Последние сорок шесть дней ее путешествия.

Она приближается к финишной черте. Уже виден конец этого невероятного марафона, стартовавшего в другом конце страны, у закусочной «Дикс» в Сиэтле. От этого захватывает дух, но и становится страшно. Потому что на финише ее ждет Сет Греггори.

«Прекрати».

Она не выкрикивает это слово, а произносит спокойно, потому что хочет принять настоящее, здесь и сейчас. Прямо перед ней Букингемский фонтан в Гранд-парке, который называют «воротами города».

Она проходит в эти ворота.

Она ступает в этот город, и на большой лужайке вокруг фонтана, среди пап с младенцами в рюкзаках, собак и туристов с фотоаппаратами, ее встречают Джина и дедушка, Доун Селеста и Люк, Малкольм и Зак с Оливией. У всех на шее гавайские цветочные гирлянды, а в руках огромный транспарант, на котором почерком Малкольма выведена броская надпись: «ПОЗДРАВЛЯЕМ, ВЫПУСКНИК!».

Ладно, это все нелепо и банально, потому что, к сожалению или к счастью, некоторые из самых важных моментов жизни тонут в банальности, как теперь начинает понимать Аннабель. Так и с любовью, если подумать. Неуклюжая, она опрокидывается, потому что слишком велика, чтобы устоять в неловкой позе. Все как будто сделано правильно, но выглядит глупо. В конце концов, как можно выразить что-то настолько огромное? Самодельные транспаранты из склеенных листов обычной бумаги, надписи фломастерами El Marko. Гирлянды из искусственных цветов, купленные по дешевке в Party for Less.

– О боже! – восклицает она, изображая удивление.

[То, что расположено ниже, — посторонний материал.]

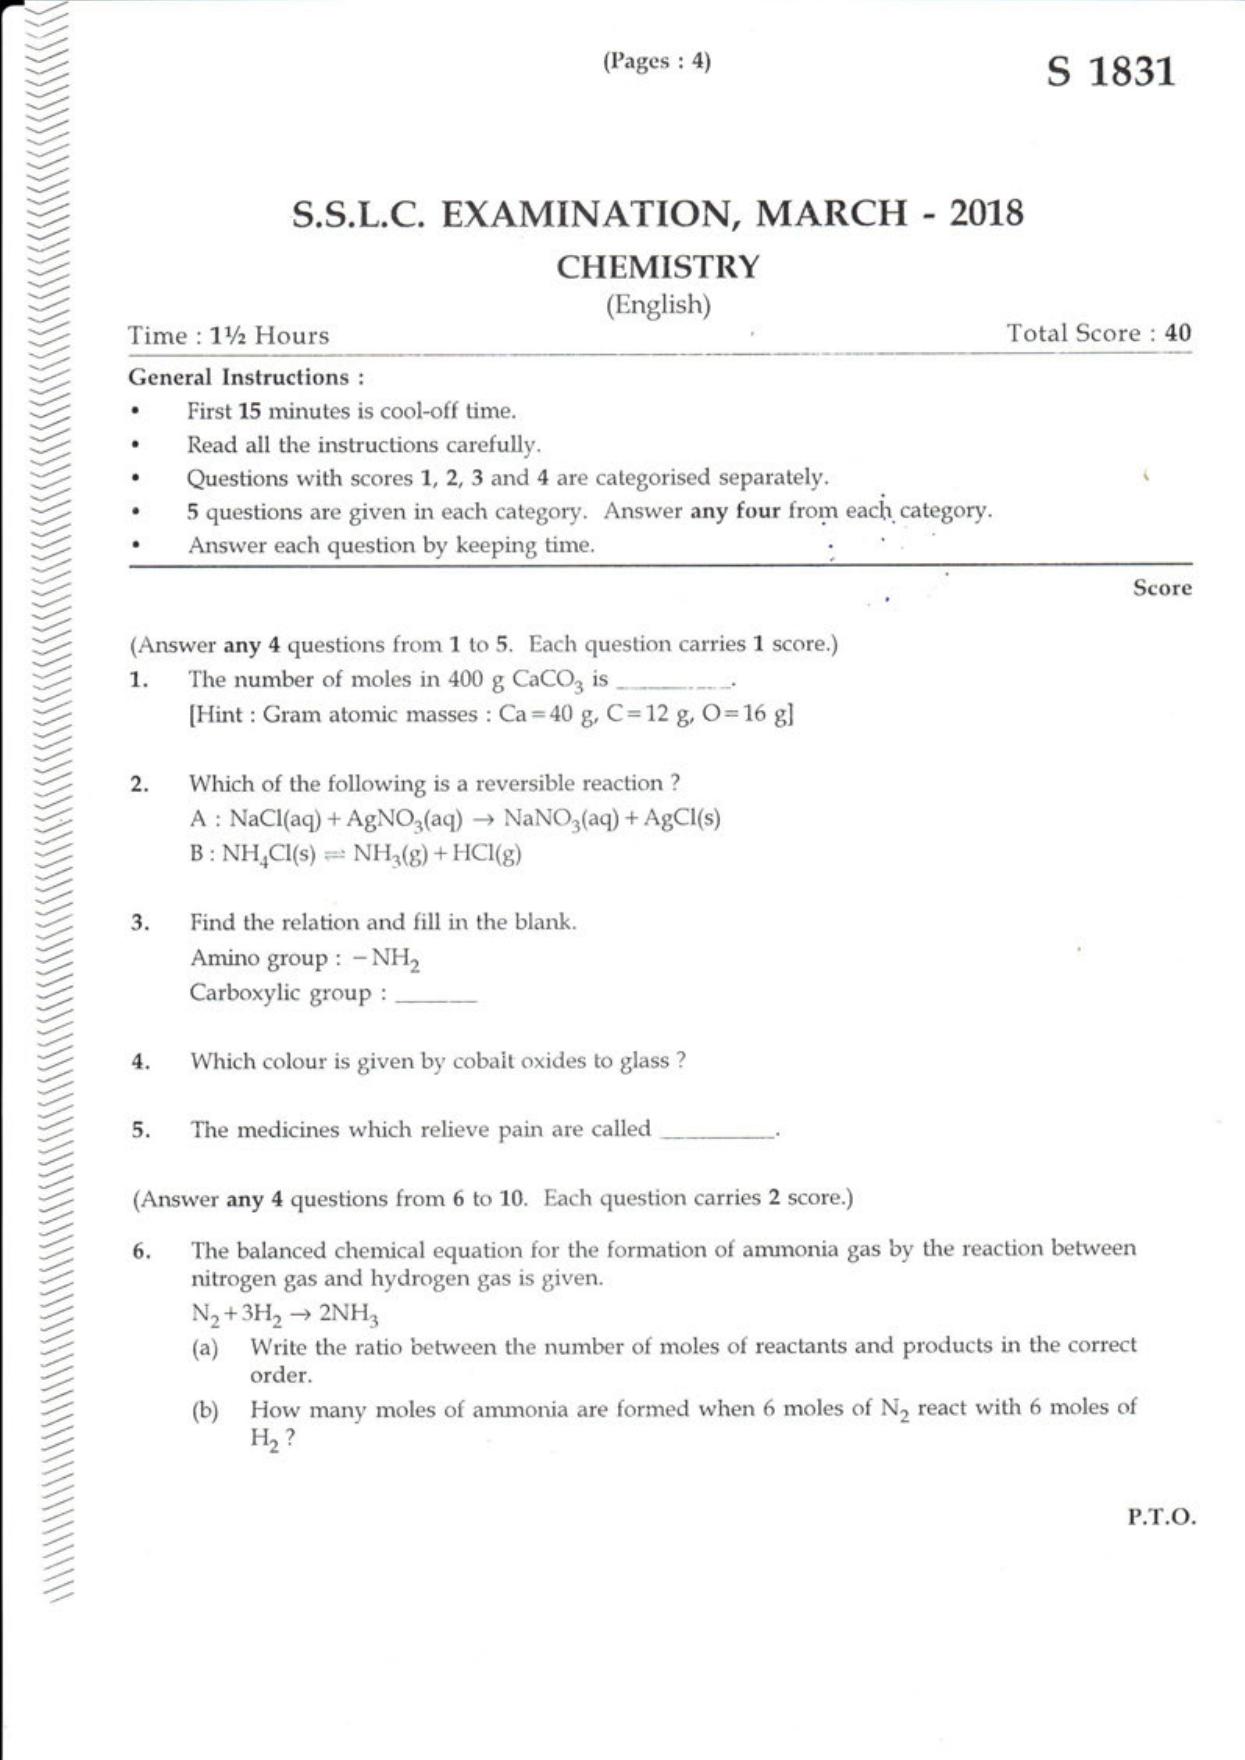 Kerala SSLC 2018 Chemistry (EM) Question Paper - Page 1

Подарок за подарок; любовь за любовь. – Ну вы даете, ребята!

– С окончанием школы, детка. – Джина обнимает ее.

– Я такая потная!

– Думаешь, нас это волнует? – В глазах Джины стоят слезы. – Я так счастлива видеть тебя.

– С окончанием школы, детка, – повторяет за мамой умник Малкольм и тоже обнимает ее.

– С окончанием школы, детка, – говорит Зак Оу.

– С окончанием школы, детка, – по очереди произносят Люк, Оливия и Доун Селеста.

И вот какая любопытная штука… Они здесь все вместе и, похоже, прекрасно ладят друг с другом. Все как-то утряслось и образумилось само по себе, без ее вмешательства. Кажется чудом, но это именно то, что происходит, когда ты просто отпускаешь то, что тебя тяготит.

– Ой, какие же вы все уморительные. Банда шутников, – смеется Джина.

– С окончанием школы, детка, – обращается к Джине дедушка Эд и обнимает дочь.

* * *

Аннабель принимает самый быстрый в своей жизни душ в номере гостиницы «Бест Вестерн», который они занимают вдвоем с Малкольмом. Сегодня она отказывается от привычных гостиничных радостей вроде неспешного развертывания мыла и поисков Библии. Все ждут ее в лобби, и ей не терпится поскорее присоединиться к ним. Спускаясь на лифте и выбегая из холла, она слышит их смех и громкие разговоры. Ее прошлое и настоящее сталкиваются, чтобы создать что-то новое. Как это получается? Аннабель думает о загадочной Вселенной, где при достаточно сильном давлении может произойти слияние атомов света. Трансформация, баланс сил – так рождается звезда.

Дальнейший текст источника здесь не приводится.